Graphene-Semiconductor Contact

TL;DR

This paper provides a comprehensive analysis of graphene-semiconductor junctions, revealing their unique electronic properties, tunable barriers, and experimental methods to characterize these interfaces, positioning them as a new archetype of semimetal-semiconductor contacts.

Contribution

It introduces a systematic treatment of graphene-semiconductor contacts, deriving generalized interface equations and analyzing their unique electronic and capacitive properties.

Findings

Graphene-semiconductor junctions exhibit exotic electronic properties due to graphene's finite density of states.

The barrier height in these junctions is tunable and related to junction capacitance.

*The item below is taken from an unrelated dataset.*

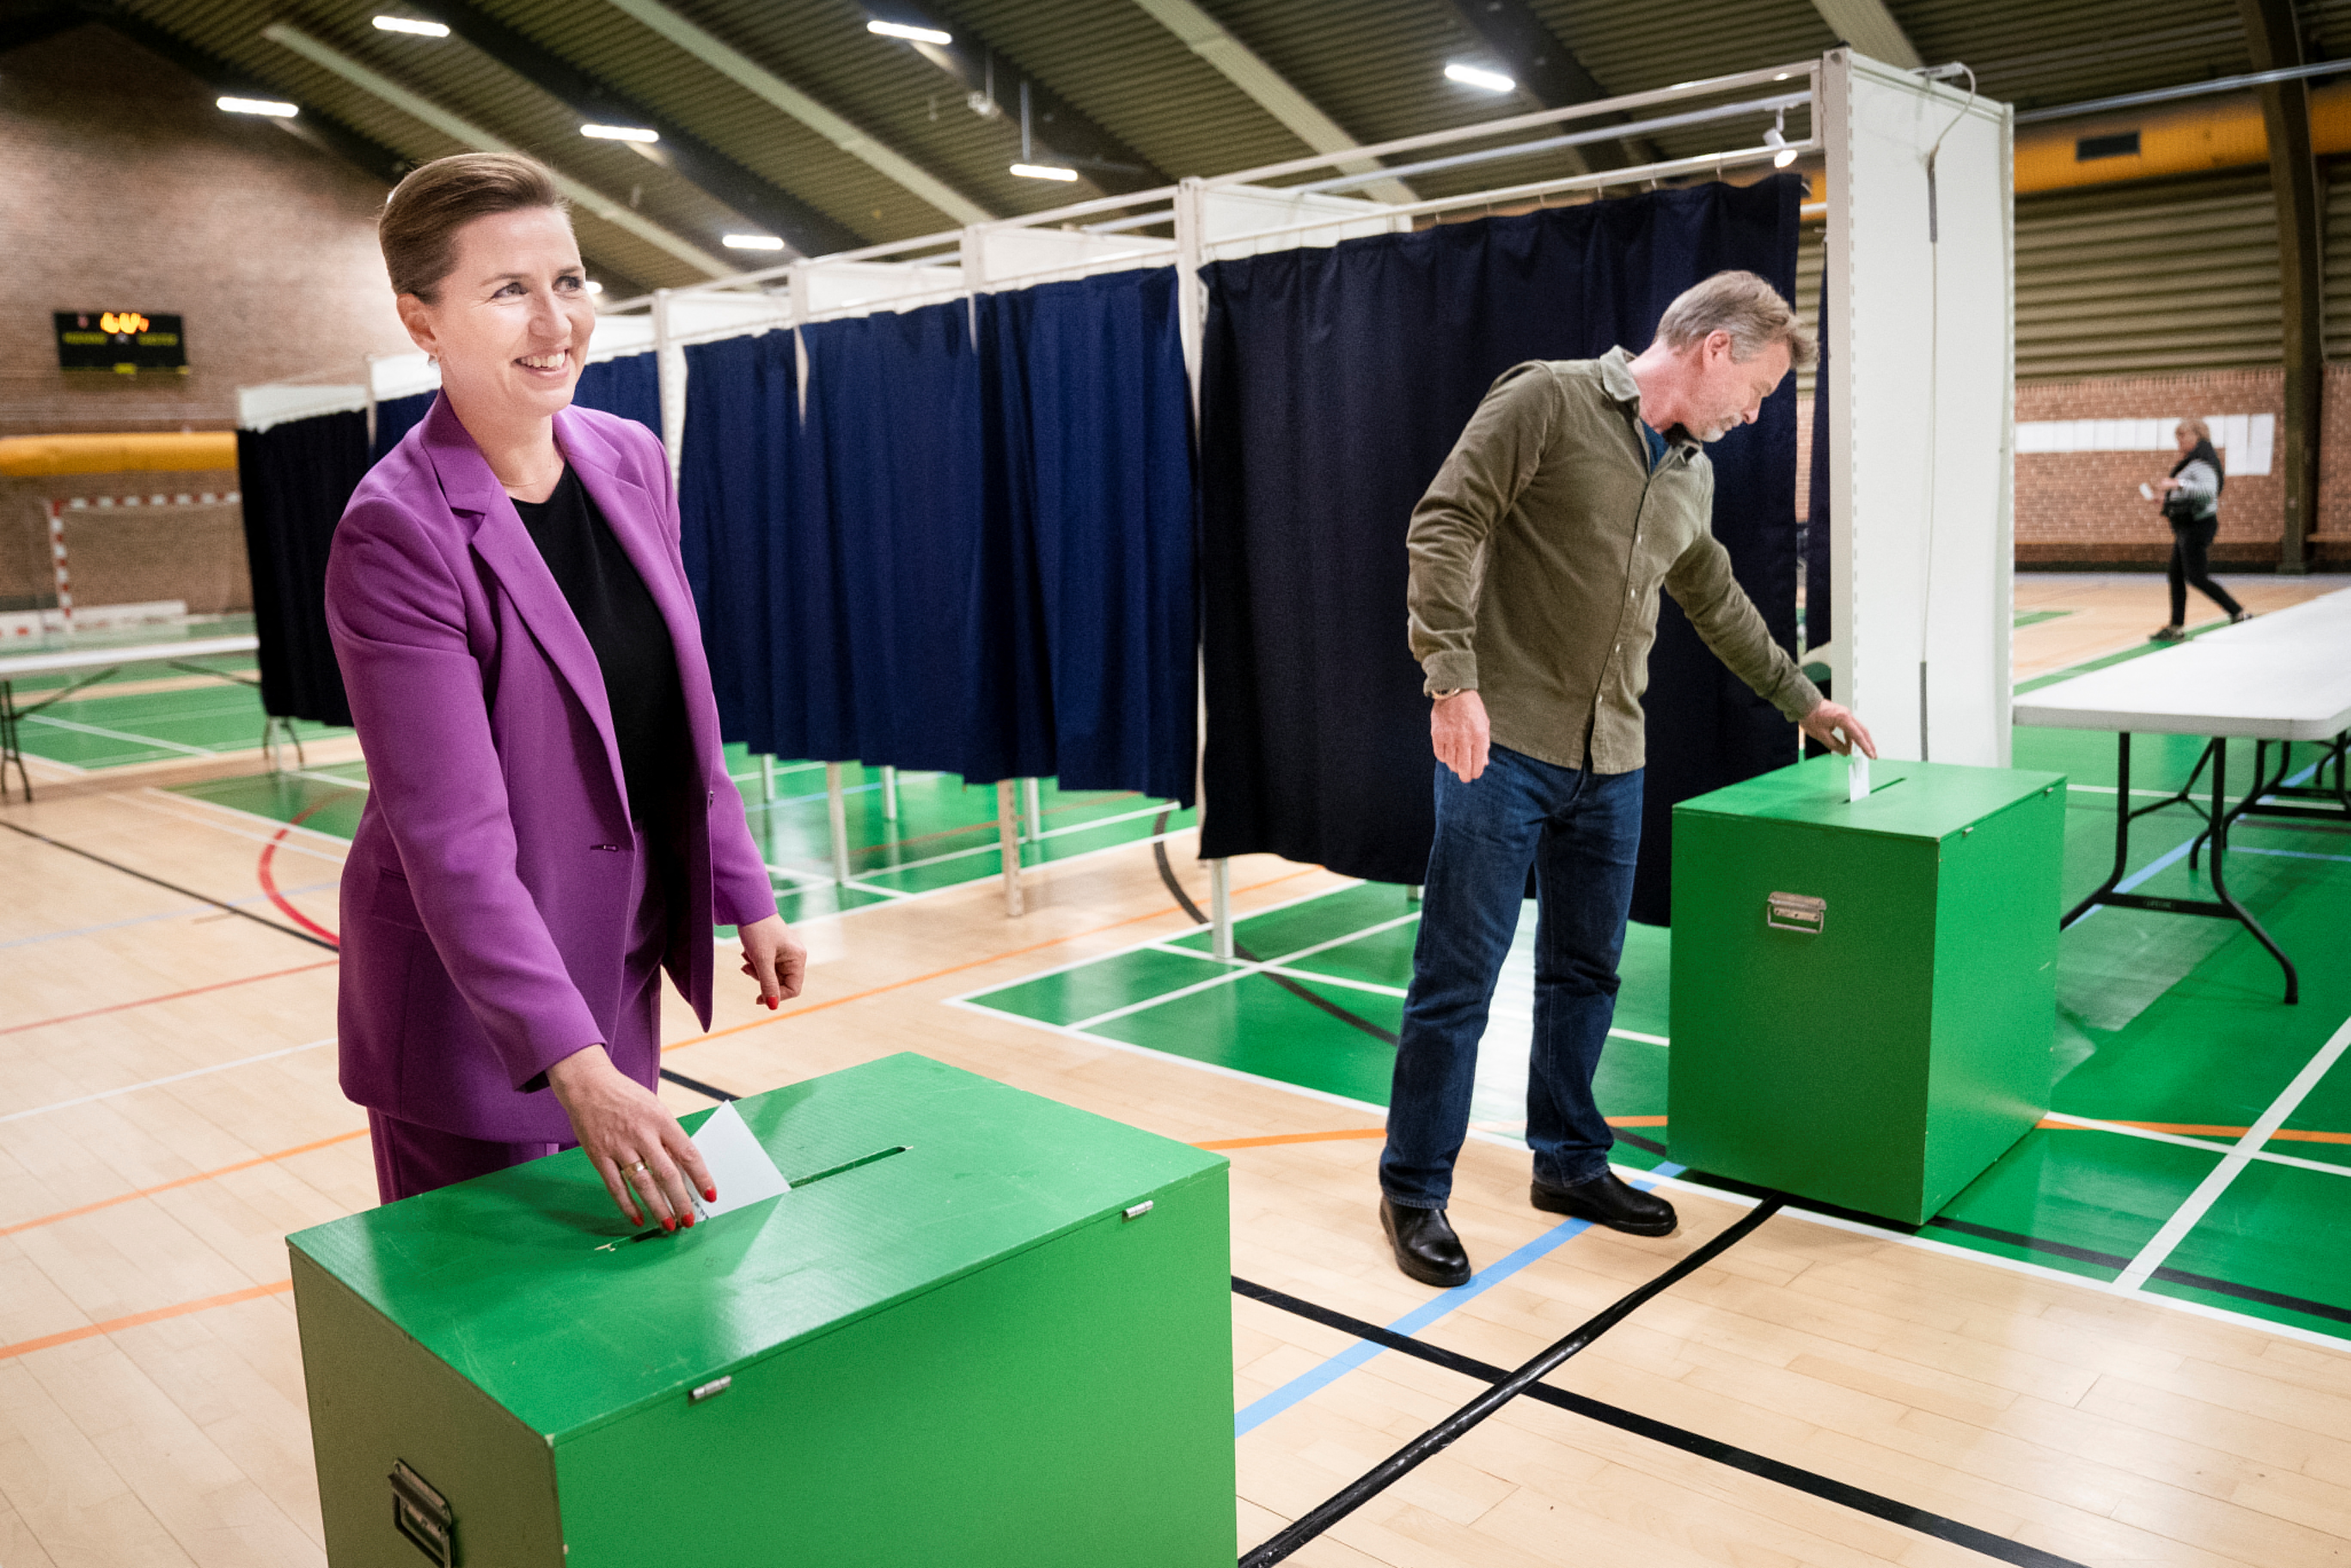 Denmark referendum on the EU-defence opt-out

Experimental methods for characterizing junction parameters and observing inversion layers are discussed.

Abstract

A systematic treatment of graphene-semiconductor junction is presented. Finite density of states at the Fermi level of graphene leads to exotic electronic properties at graphene-semiconductor interface. Quite generally, the Schottky-Mott limit and the sum rule of barrier heights are violated due to the internal potential of graphene. By merging the principal characteristics of semiconductor-semiconductor and metal-semiconductor junctions, the graphene-semiconductor contact may be considered as an archetype of unprecedented \emph{semimetal-semiconductor junction}. Generalized interface equations disclose the coupling of junction characteristics with the density of charge carriers in graphene. It will be shown that the well-known effect of tunable barrier height is directly related to the junction capacitance. Furthermore, the relative impact of image-force effect in the presence of barrier tunability is investigated. Experimental methods to gain built-in potential, barrier height, and capacitance of the junction are discussed in detail. Also the development of strong inversion layer at the interface of graphene-silicon samples is uncovered by analyzing experimental data.